**Work to be completed**:
Print out each entry below exactly; do not carry over any image.

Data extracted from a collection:
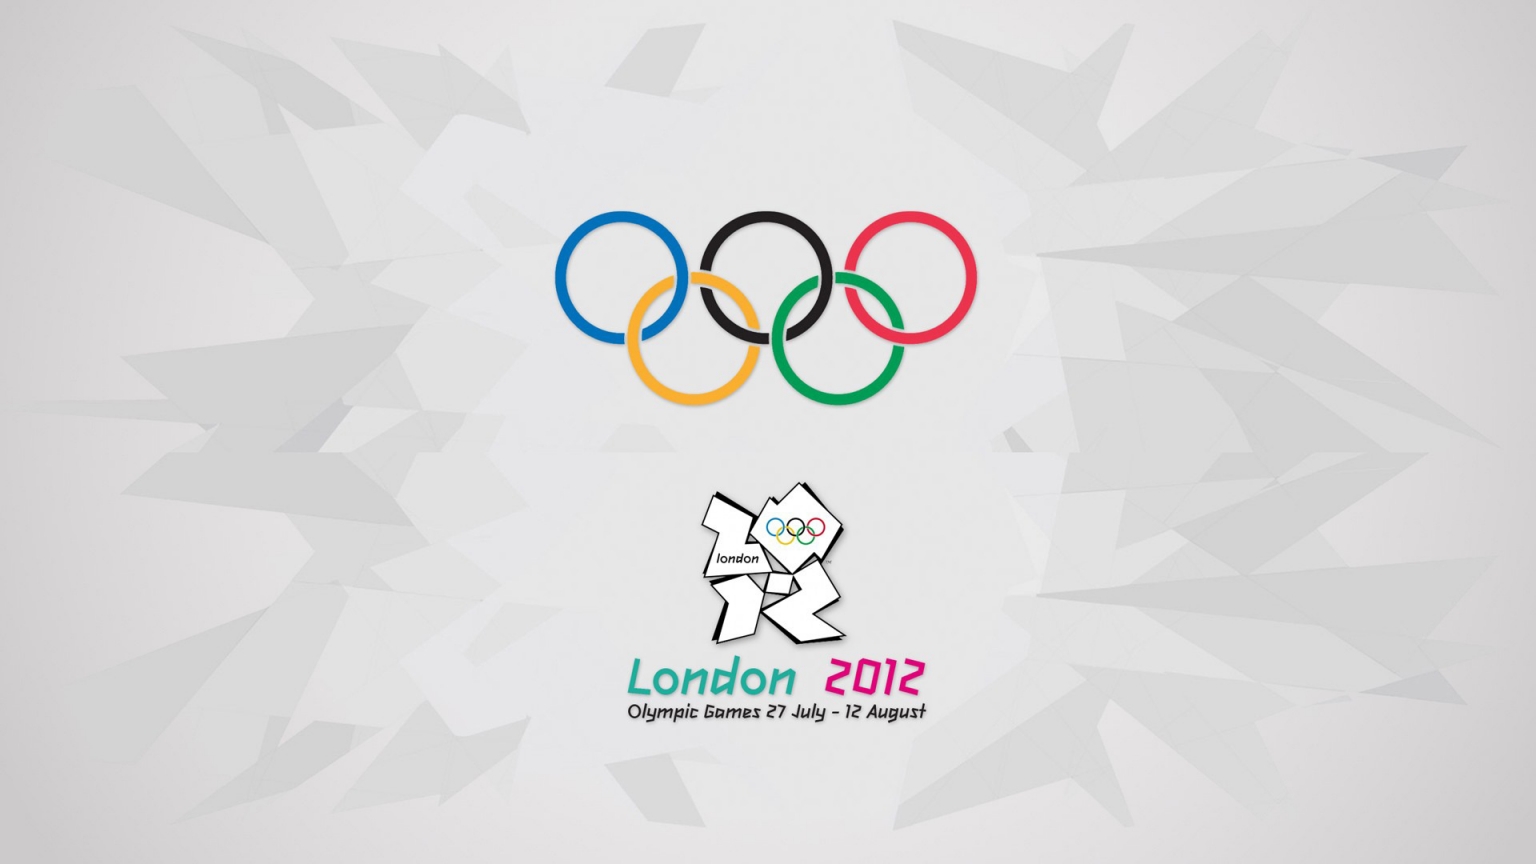 London Olympics for 1536 x 864 HDTV resolution
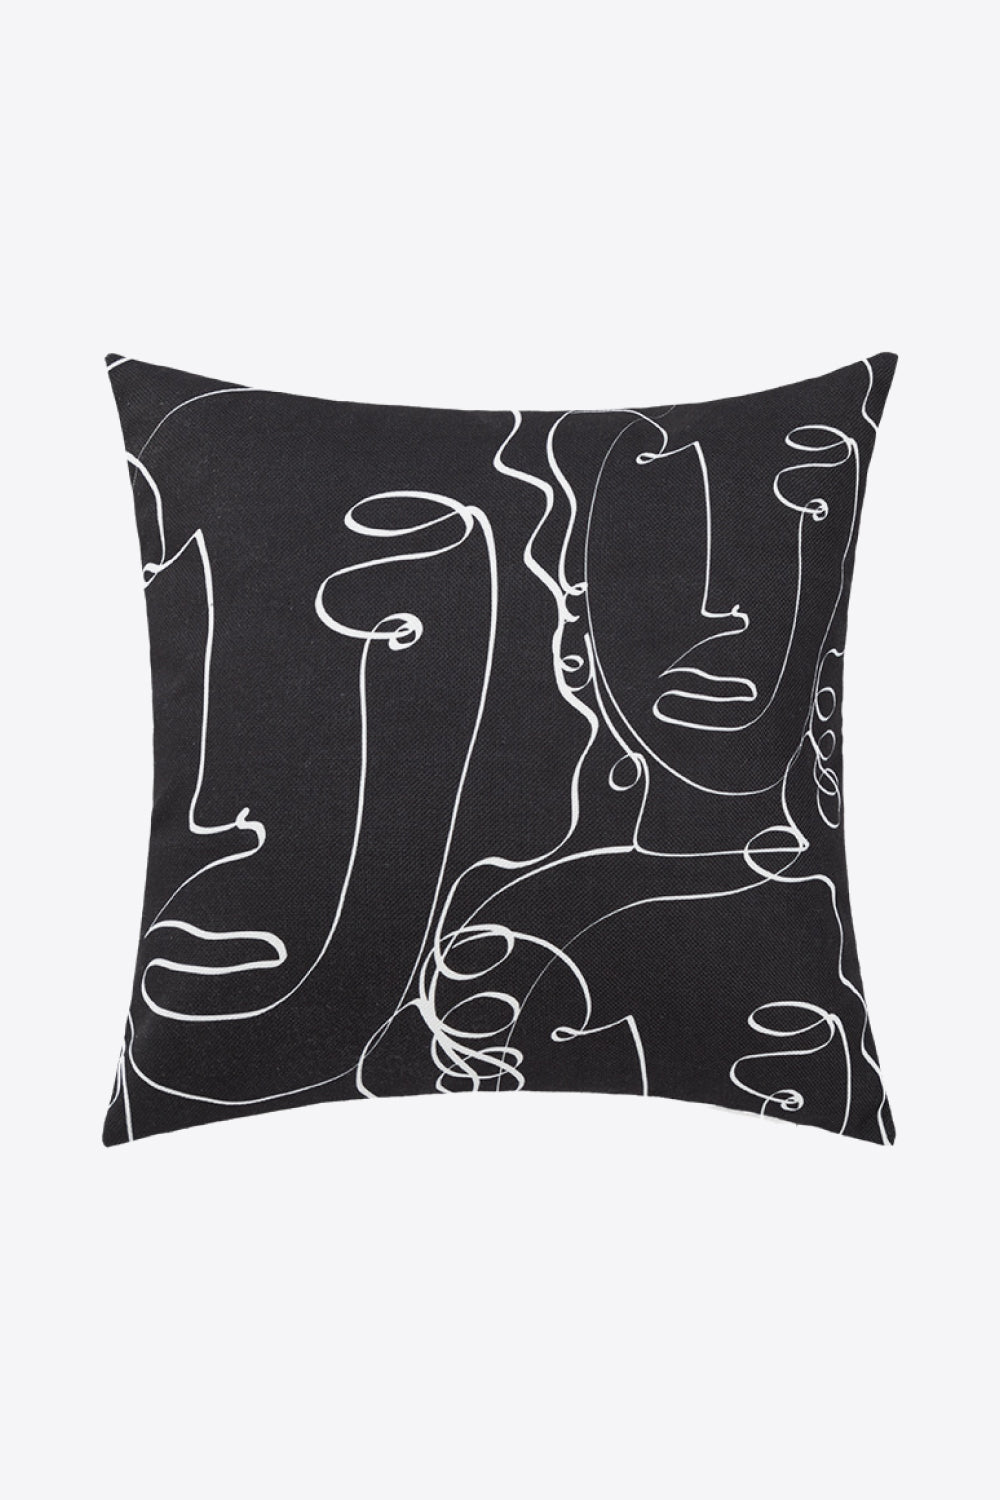 2-Pack Decorative Throw Pillow Cases-Ever Joy
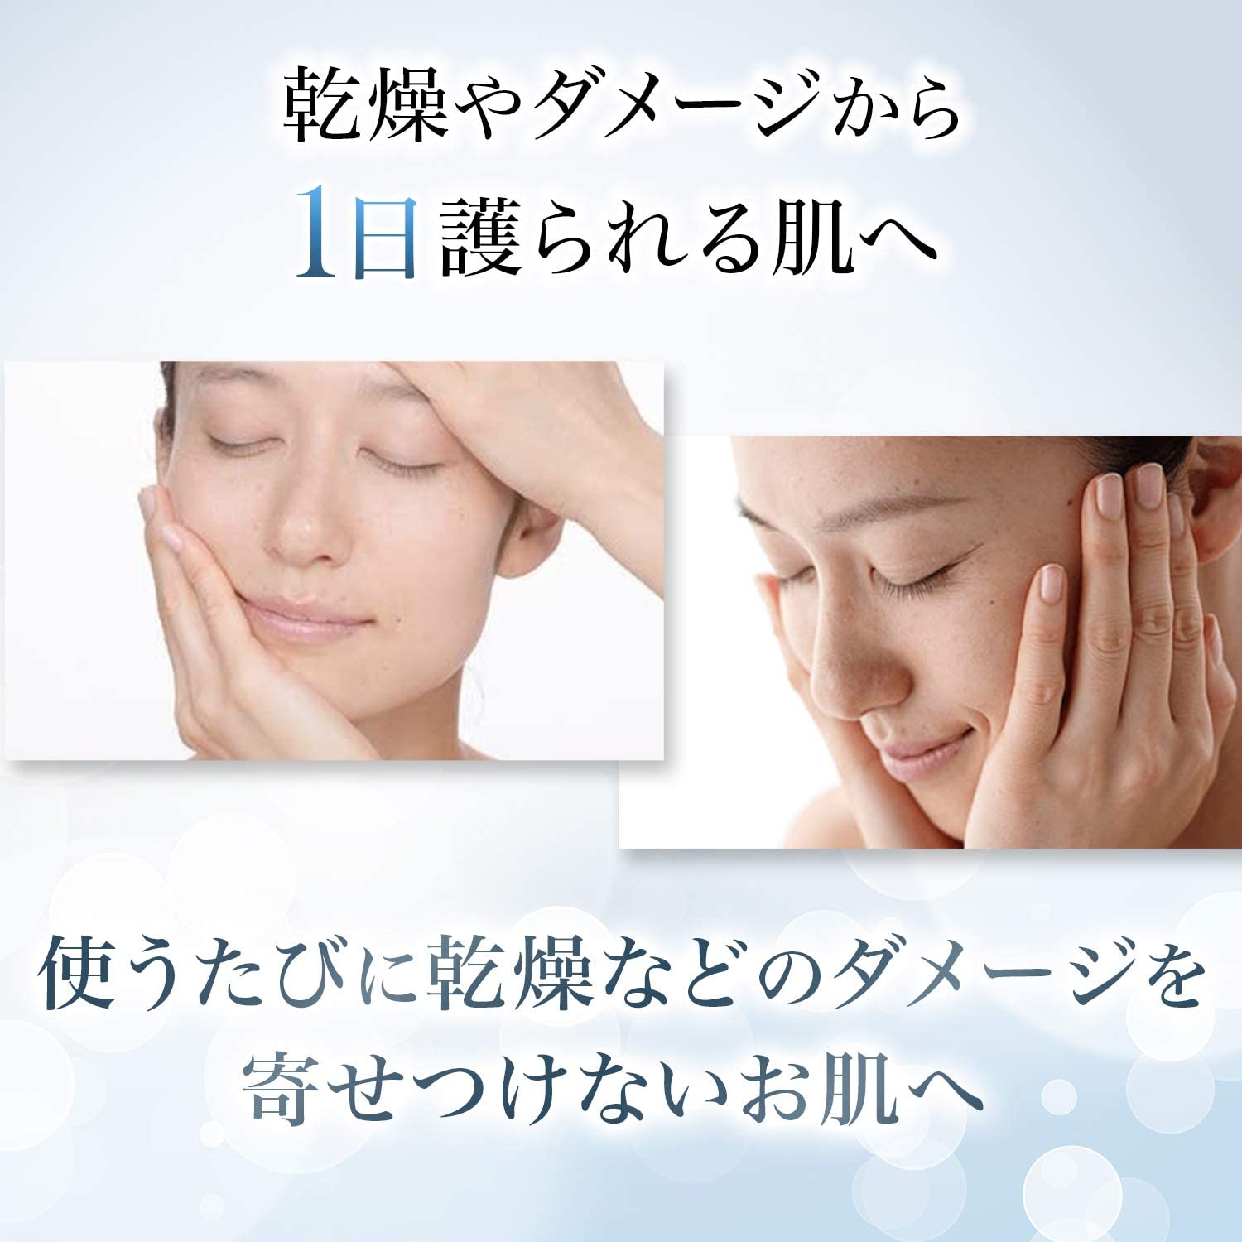 Domohorn Wrinkle(ドモホルンリンクル) 保護乳液の商品画像サムネ4 
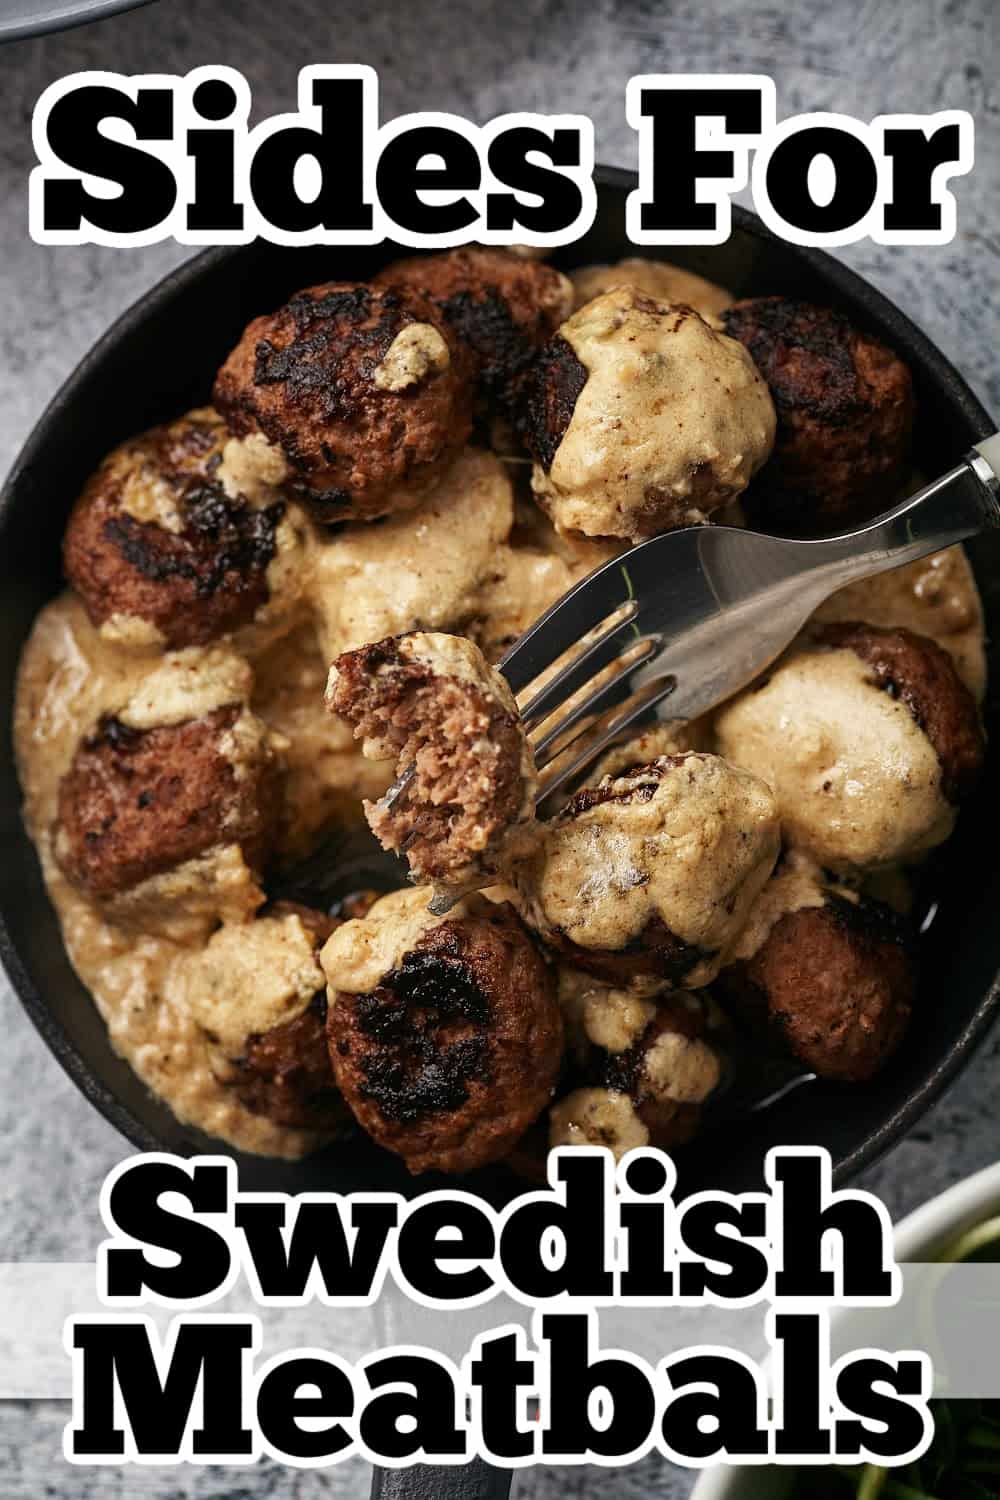 Sides for swedish meatballs.
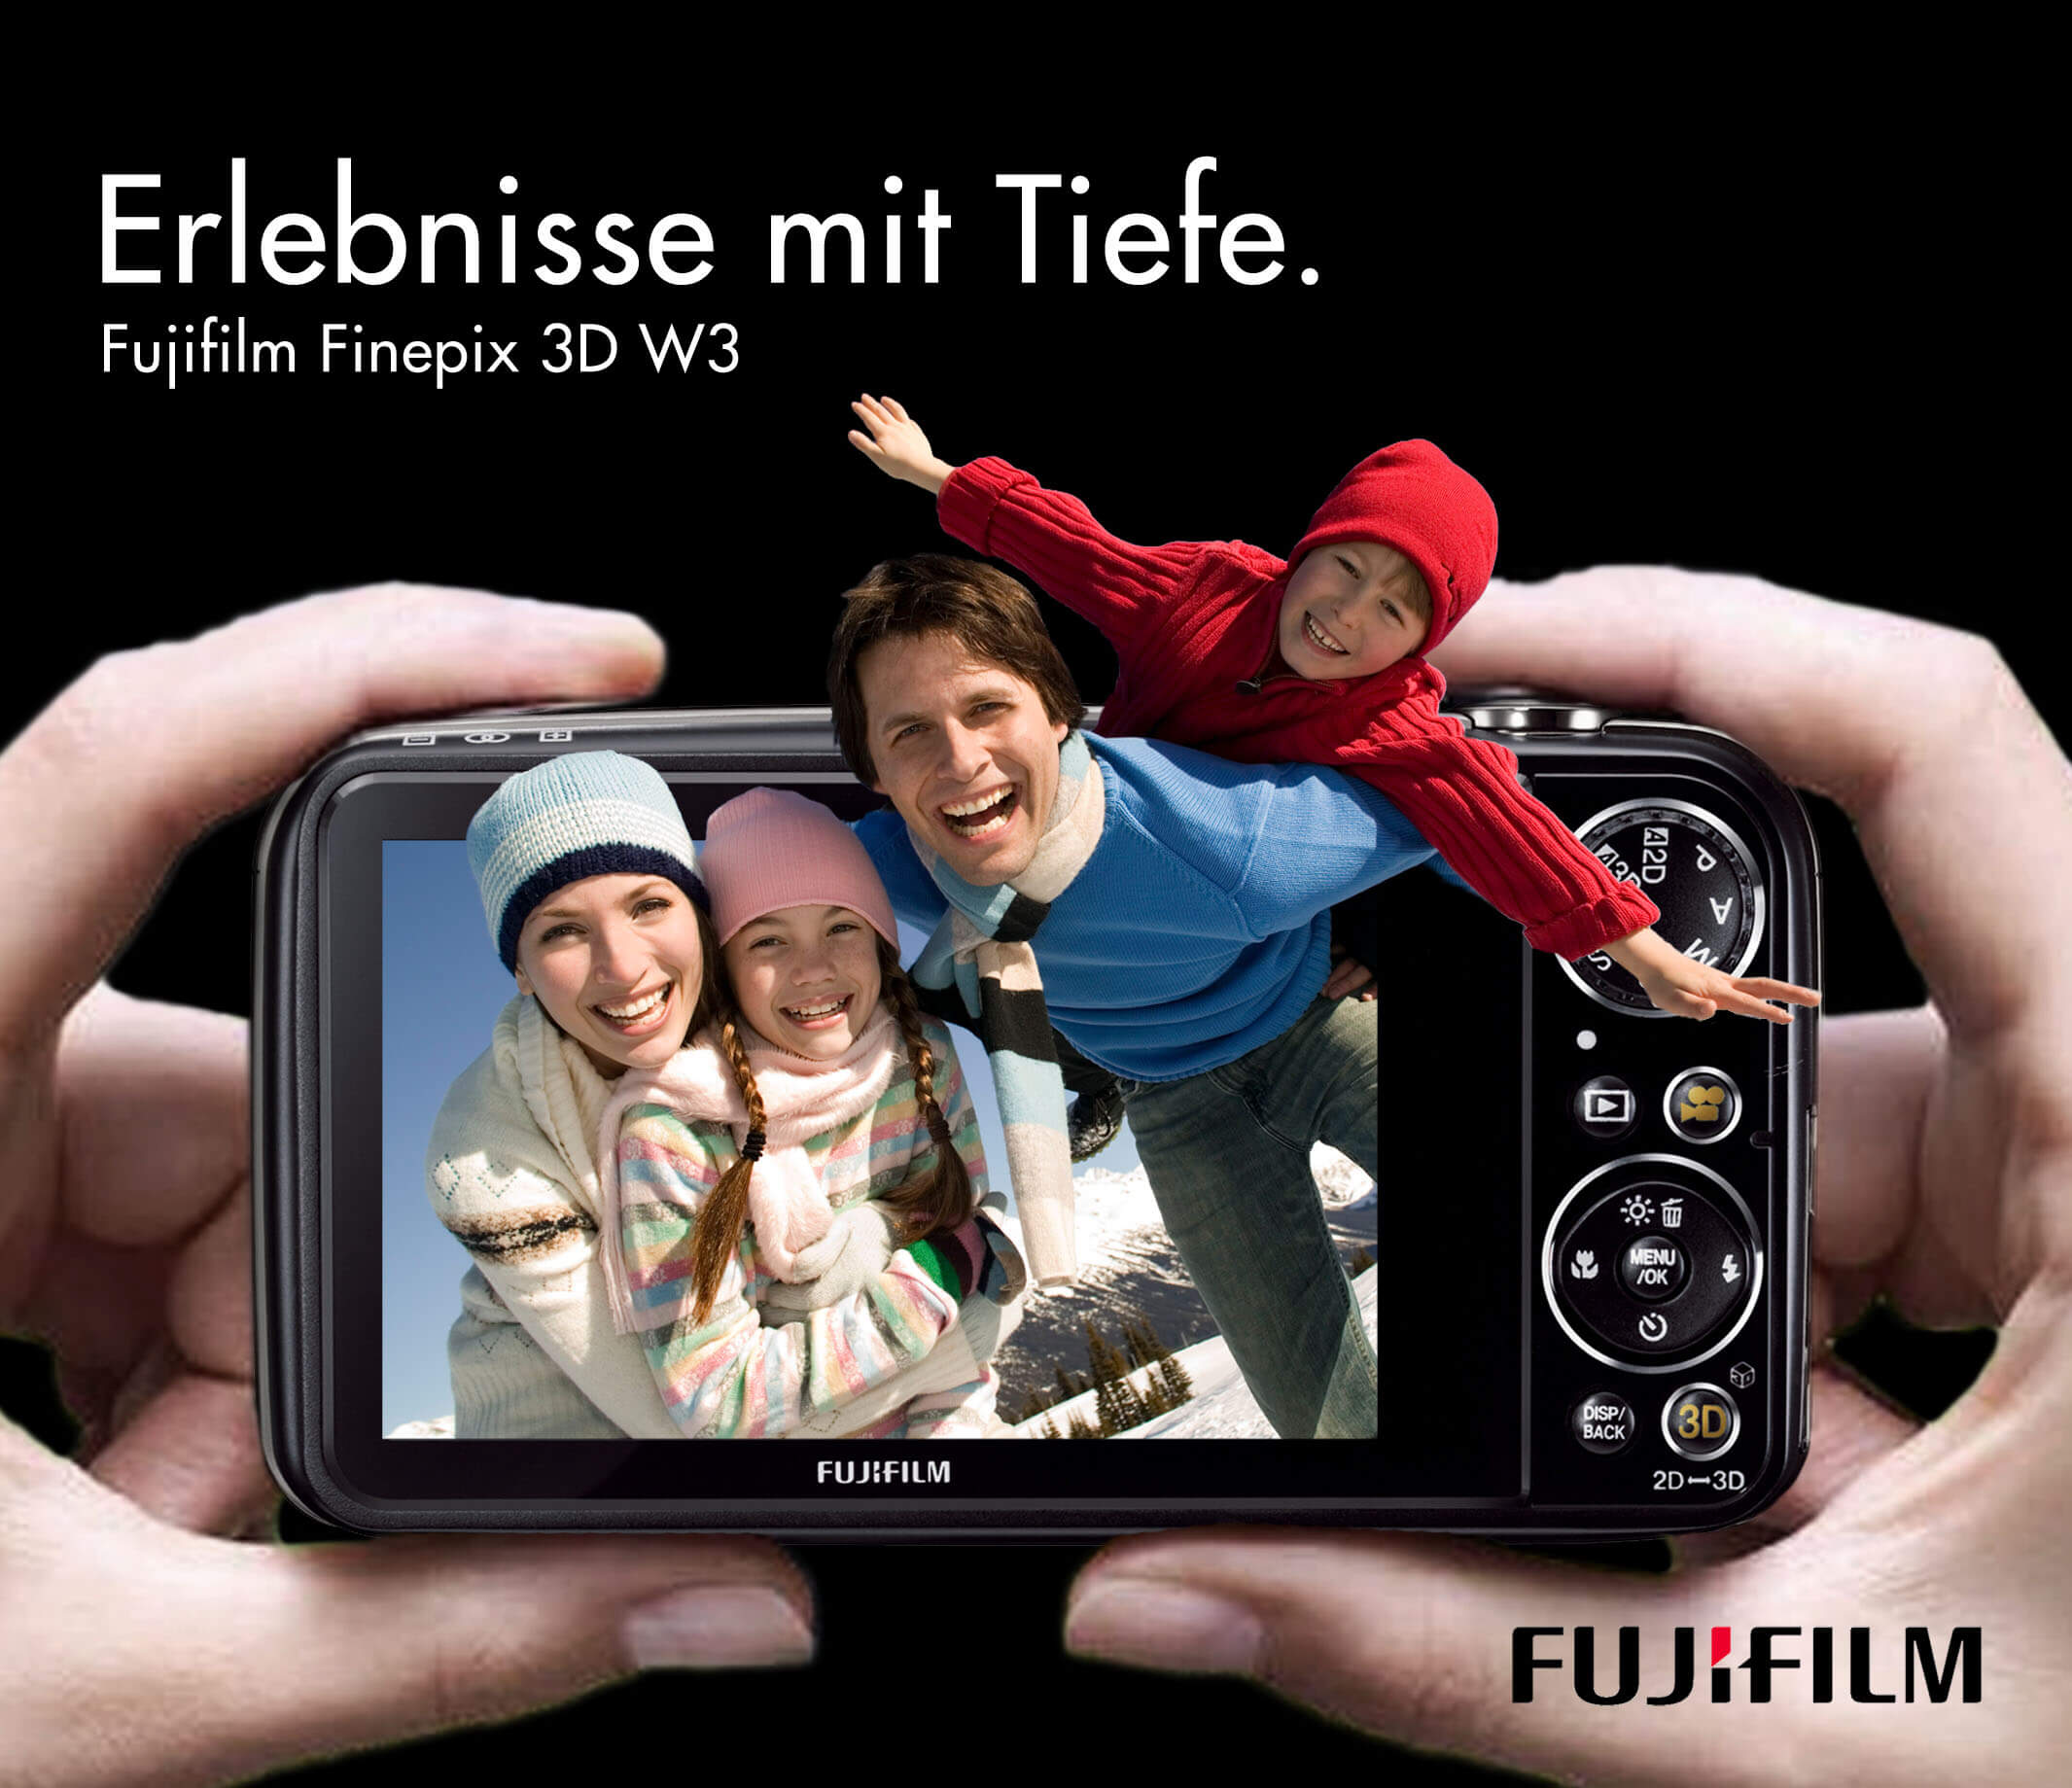 Fujitsu 3D Kamera Print Anzeige

**Task response**:
 London Olympics for 1536 x 864 HDTV resolution
 2-Pack Decorative Throw Pillow Cases-Ever Joy
 Domohorn Wrinkle(ドモホルンリンクル) 保護乳液の商品画像サムネ4 
 Sides for swedish meatballs.
 Fujitsu 3D Kamera Print Anzeige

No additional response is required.